AIM OF THE EXERCISE:
Retype each record below word for word. Leave the pictures out.

(Dataset entries)
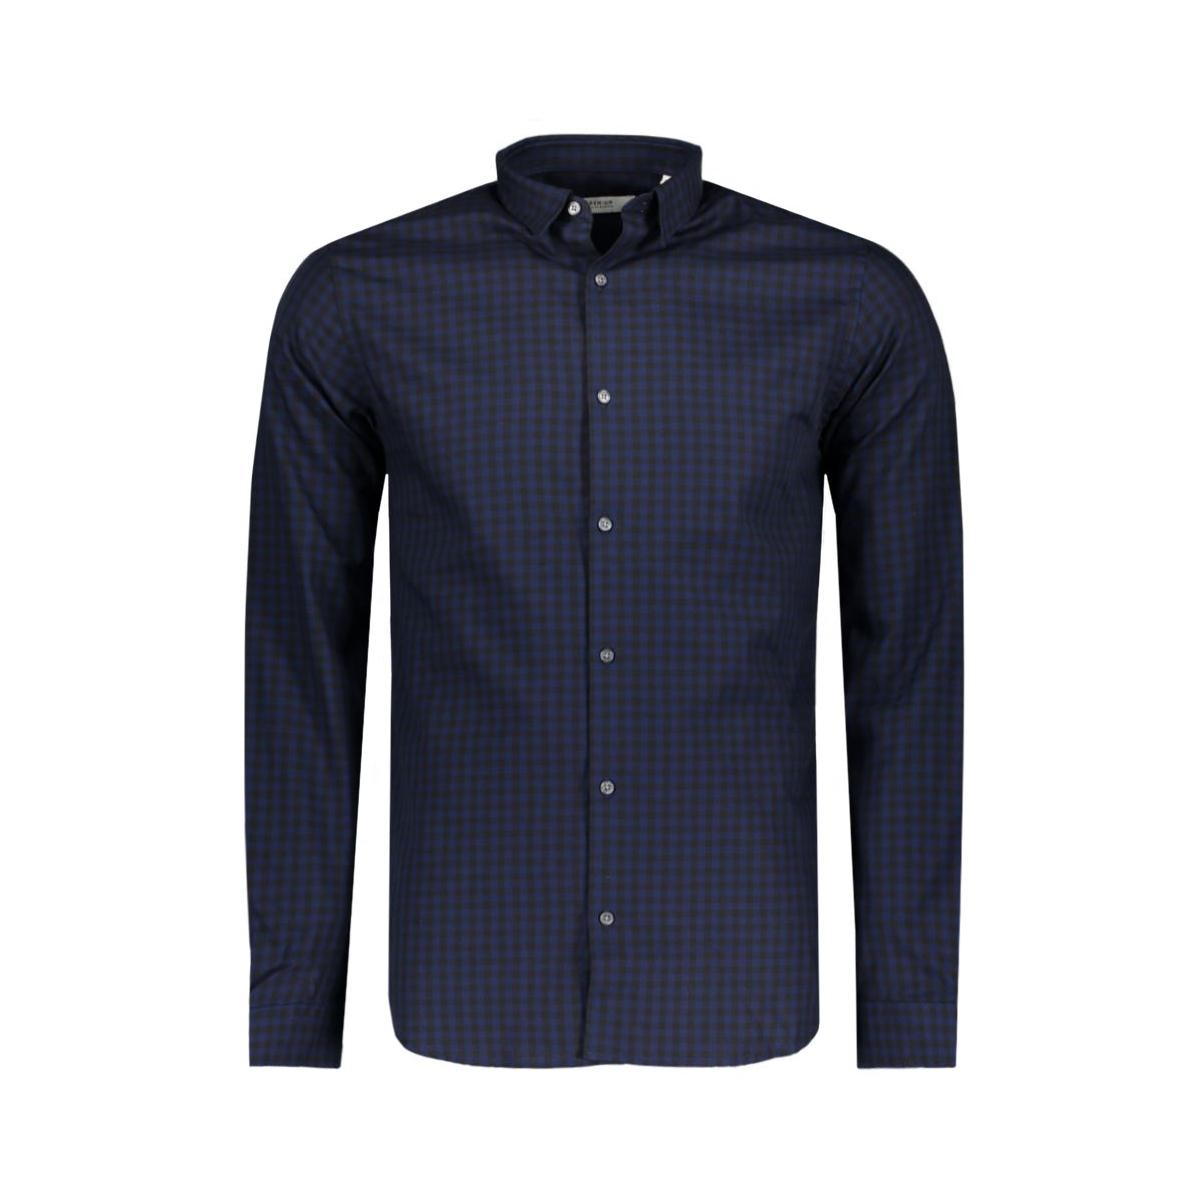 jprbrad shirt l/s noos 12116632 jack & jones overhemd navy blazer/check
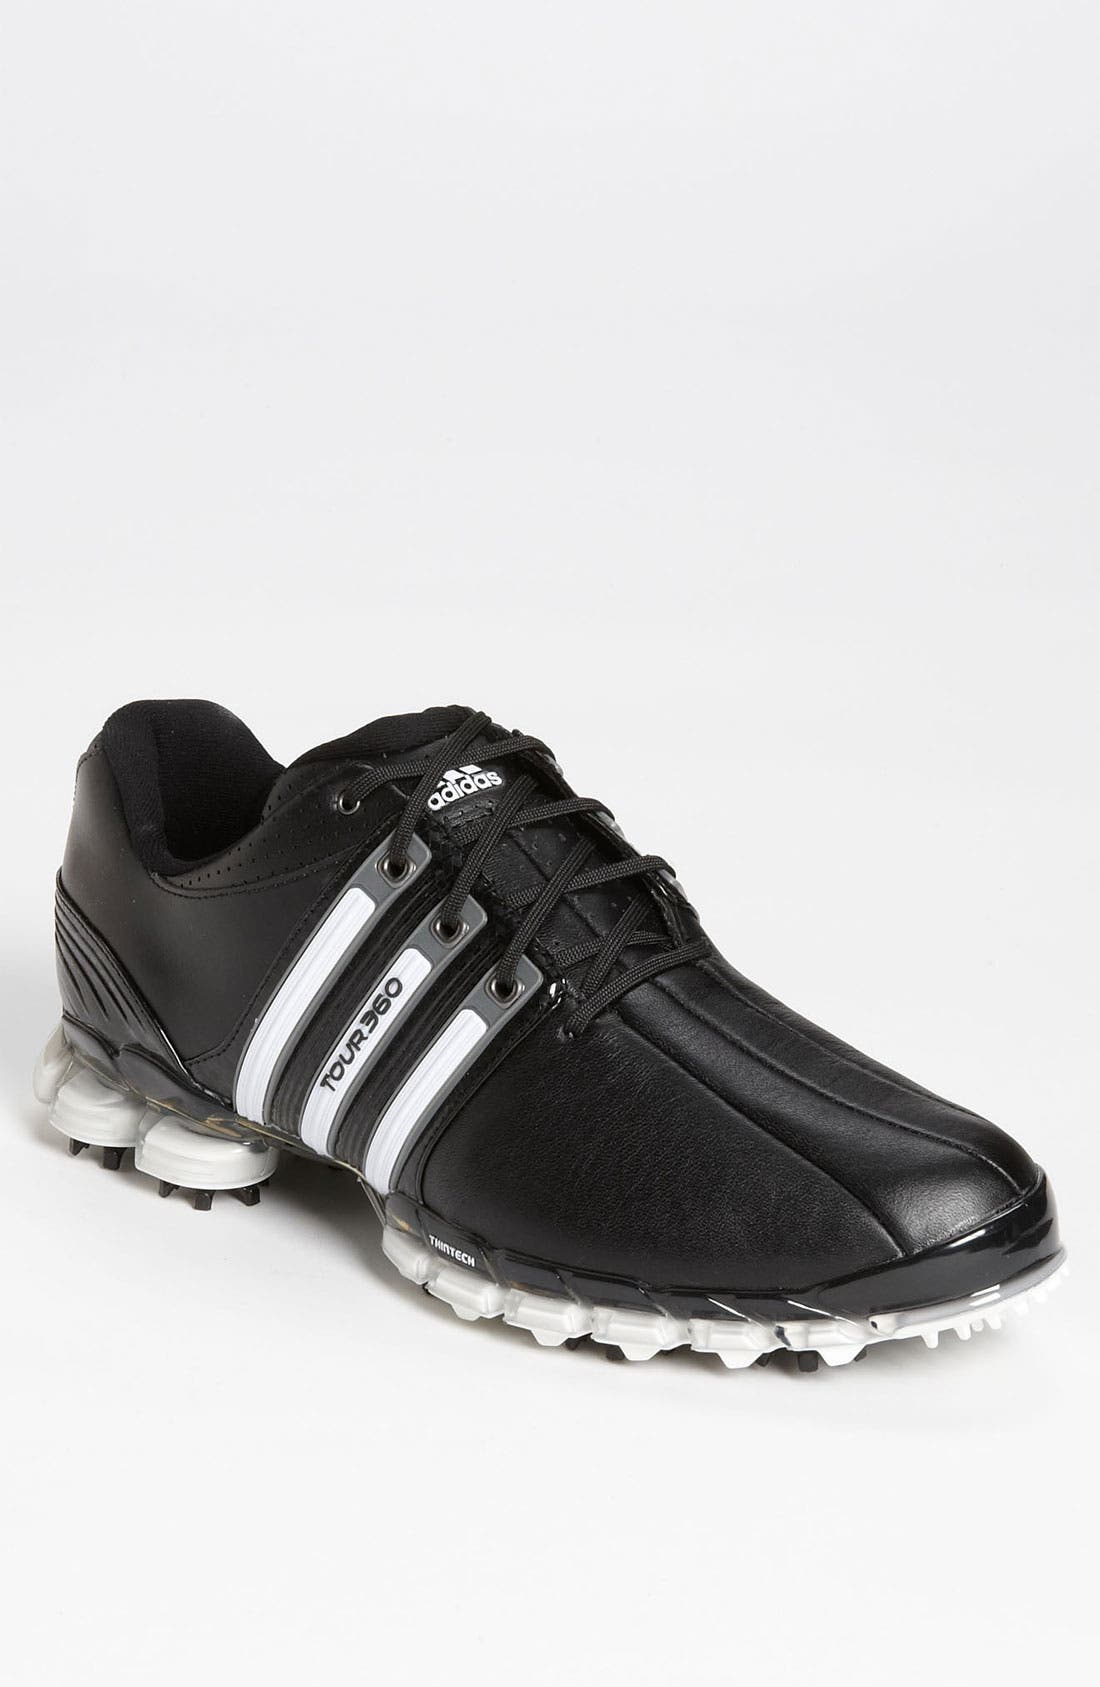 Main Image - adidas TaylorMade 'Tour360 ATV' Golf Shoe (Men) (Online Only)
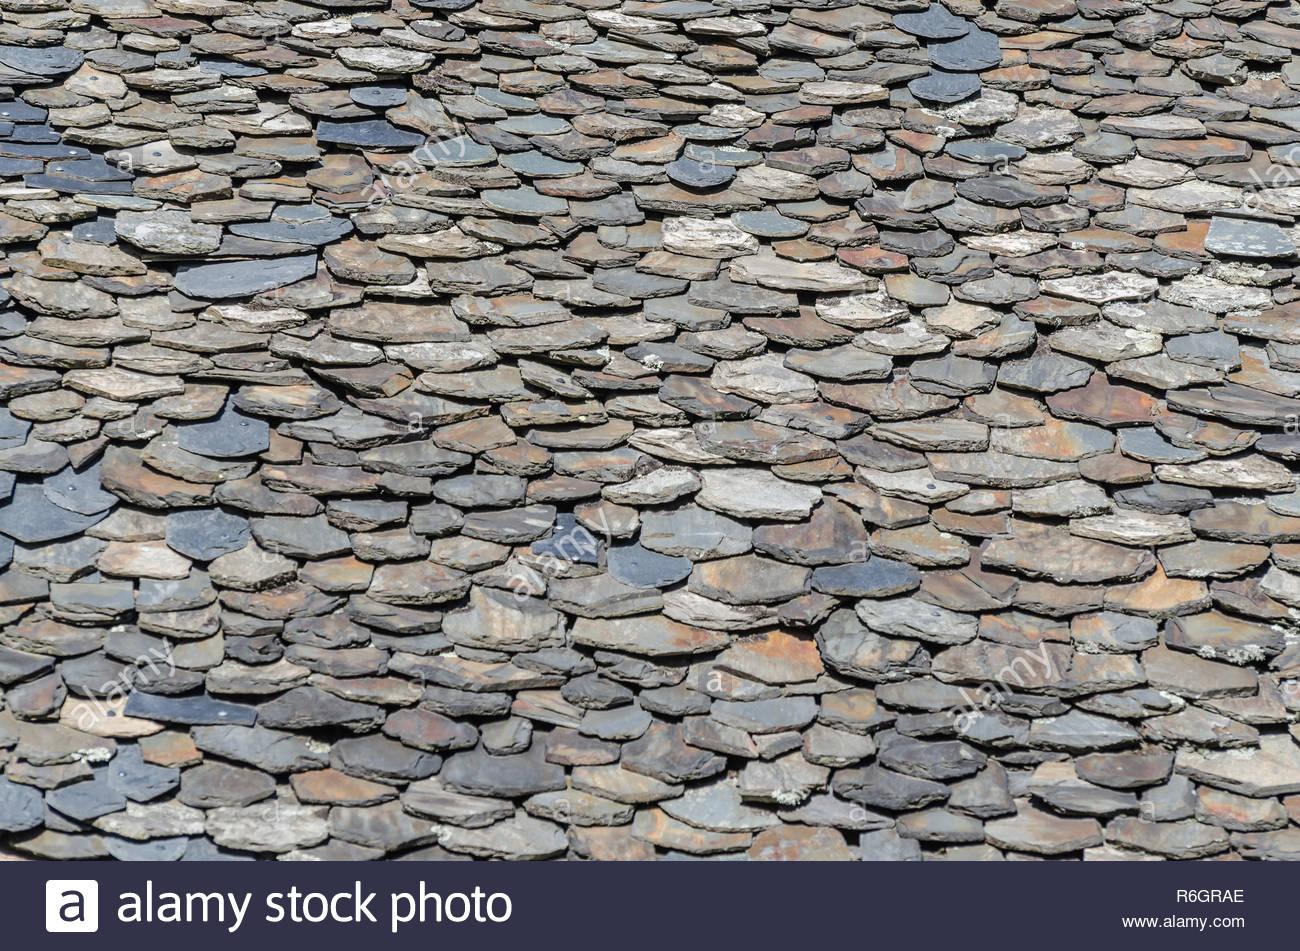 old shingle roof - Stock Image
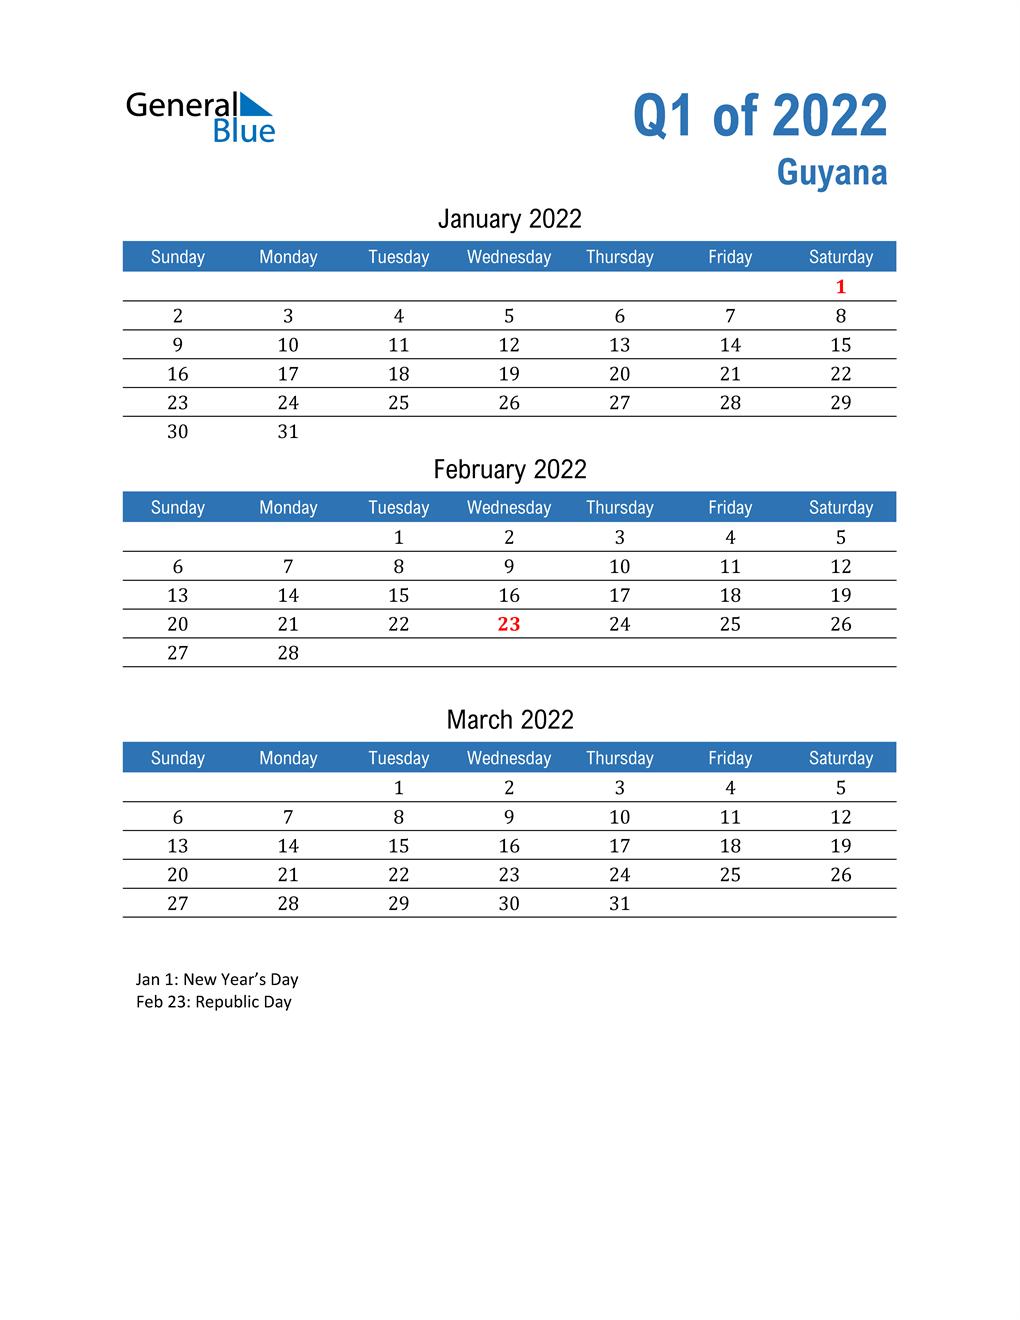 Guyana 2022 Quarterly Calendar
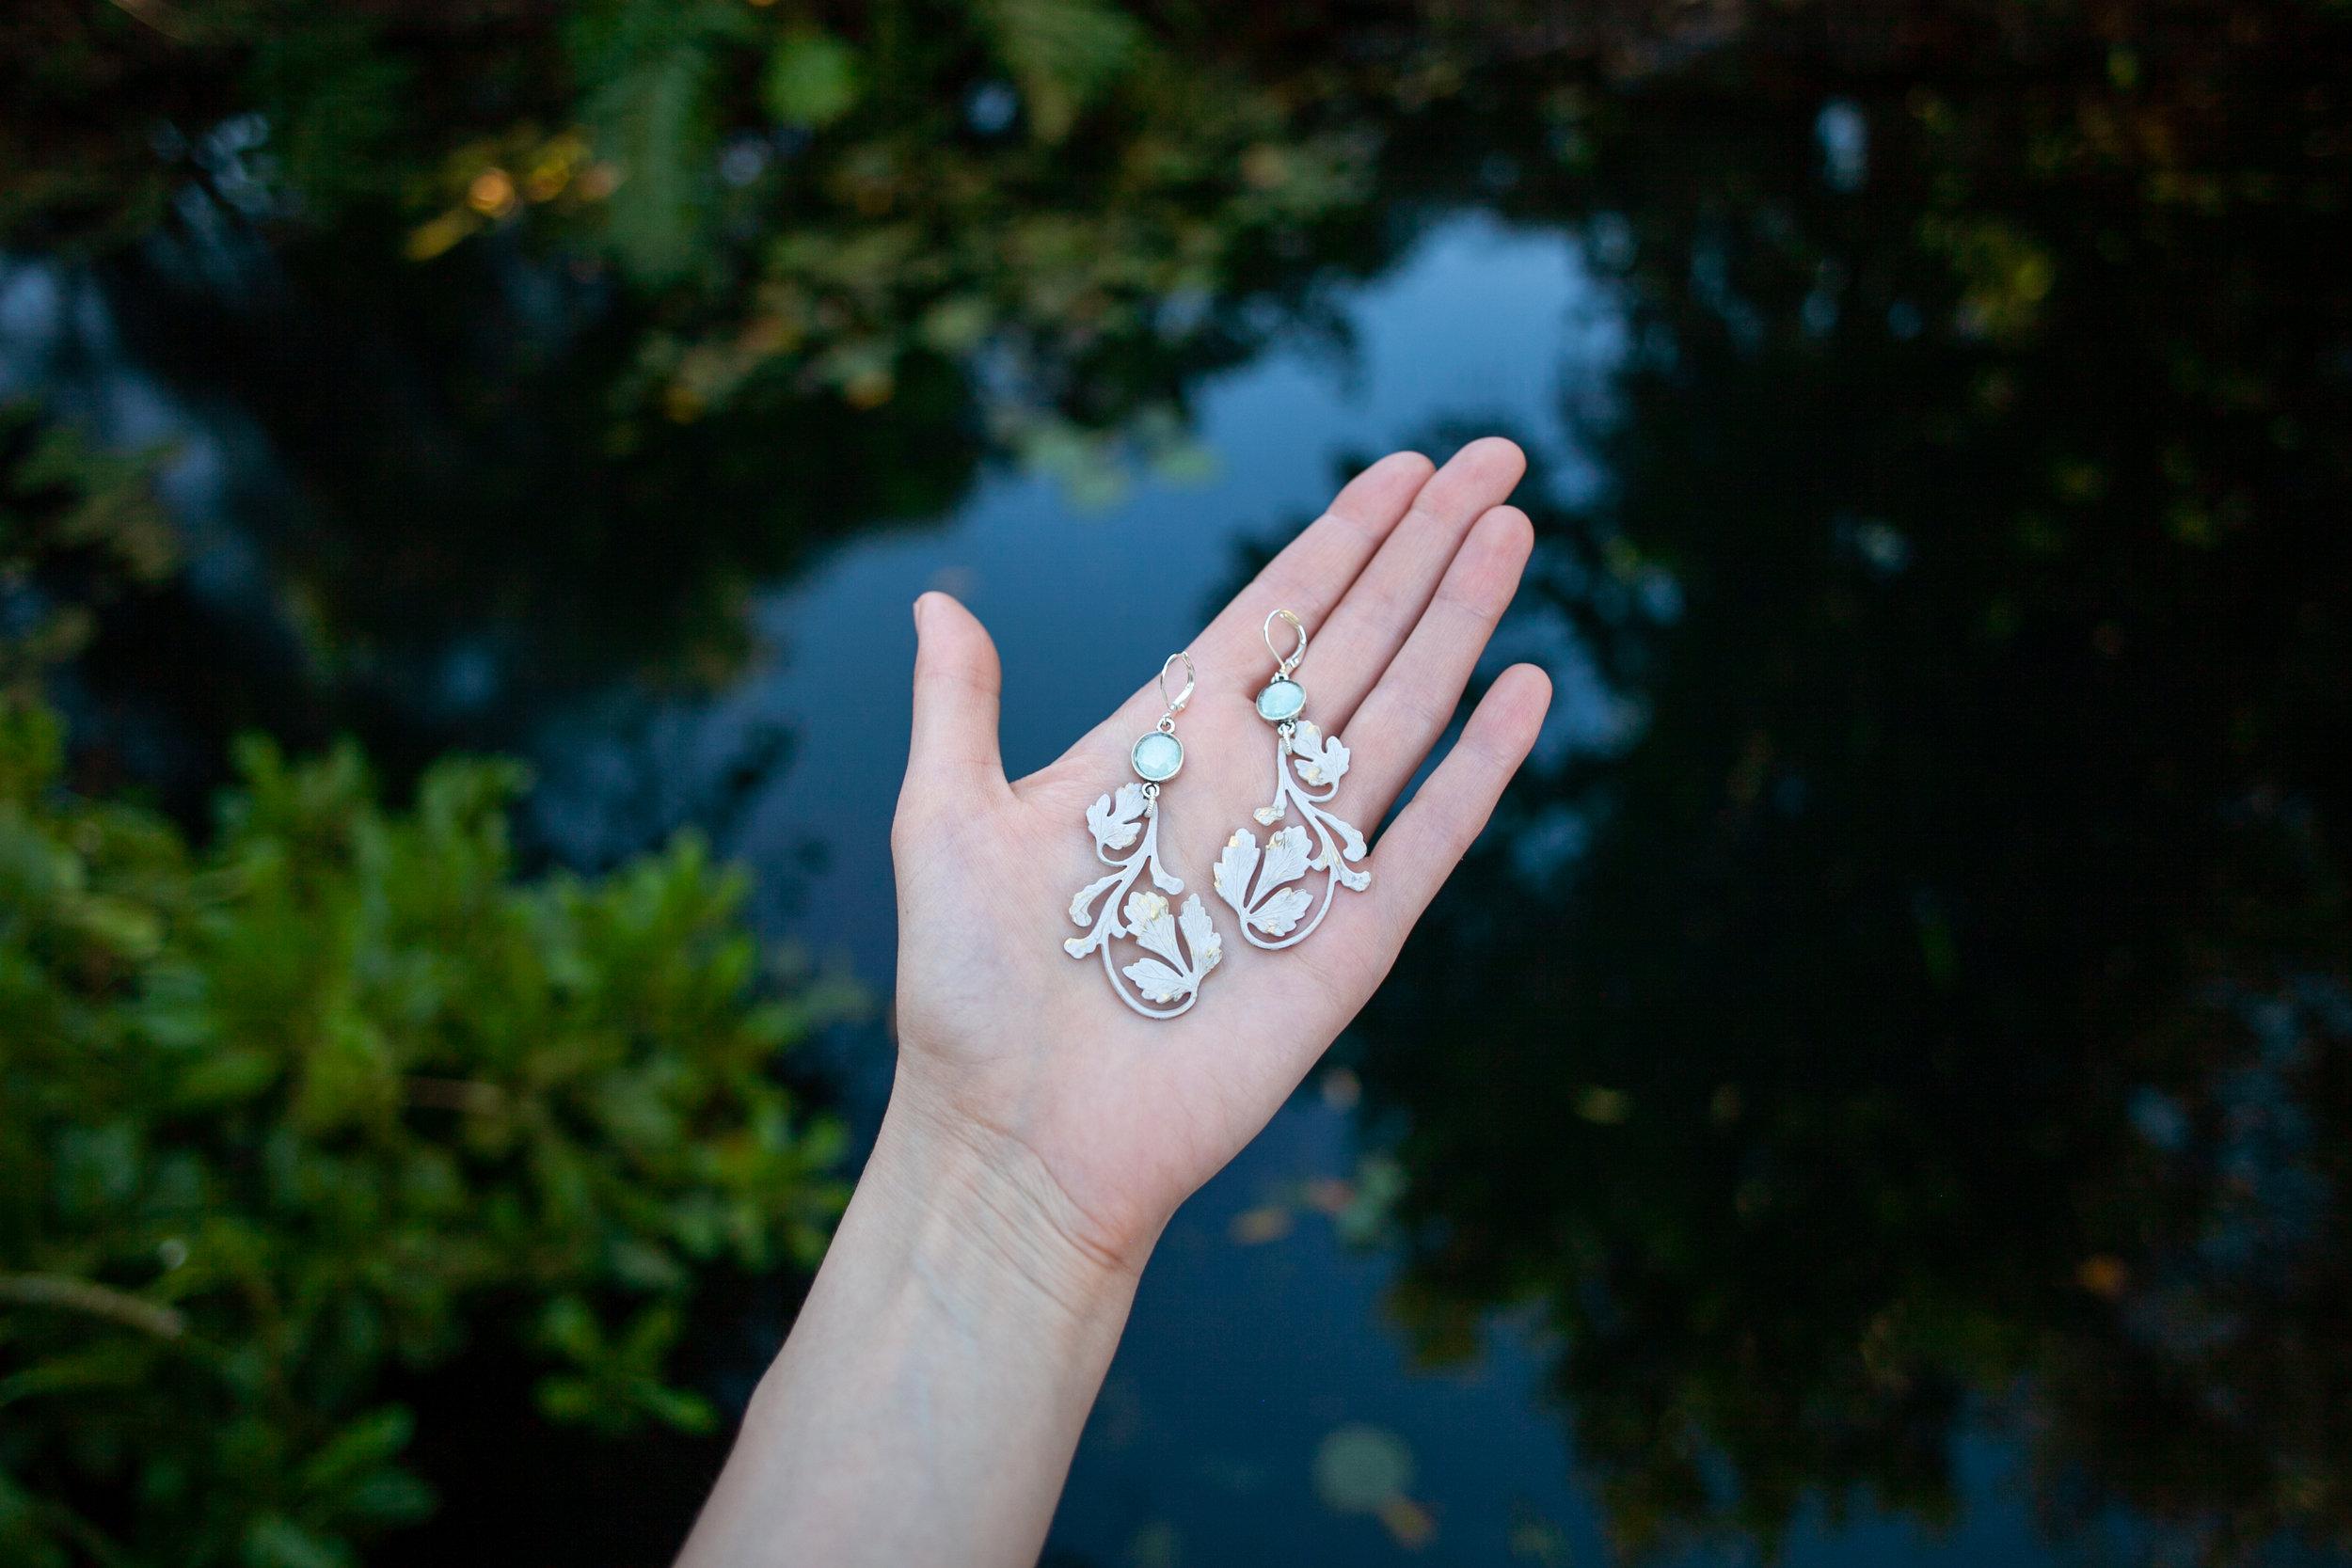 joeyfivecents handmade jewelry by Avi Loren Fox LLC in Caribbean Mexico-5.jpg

TASK OUTPUT:
 jprbrad shirt l/s noos 12116632 jack & jones overhemd navy blazer/check
 Main Image - adidas TaylorMade 'Tour360 ATV' Golf Shoe (Men) (Online Only)
 old shingle roof - Stock Image
 Guyana 2022 Quarterly Calendar
 joeyfivecents handmade jewelry by Avi Loren Fox LLC in Caribbean Mexico-5.jpg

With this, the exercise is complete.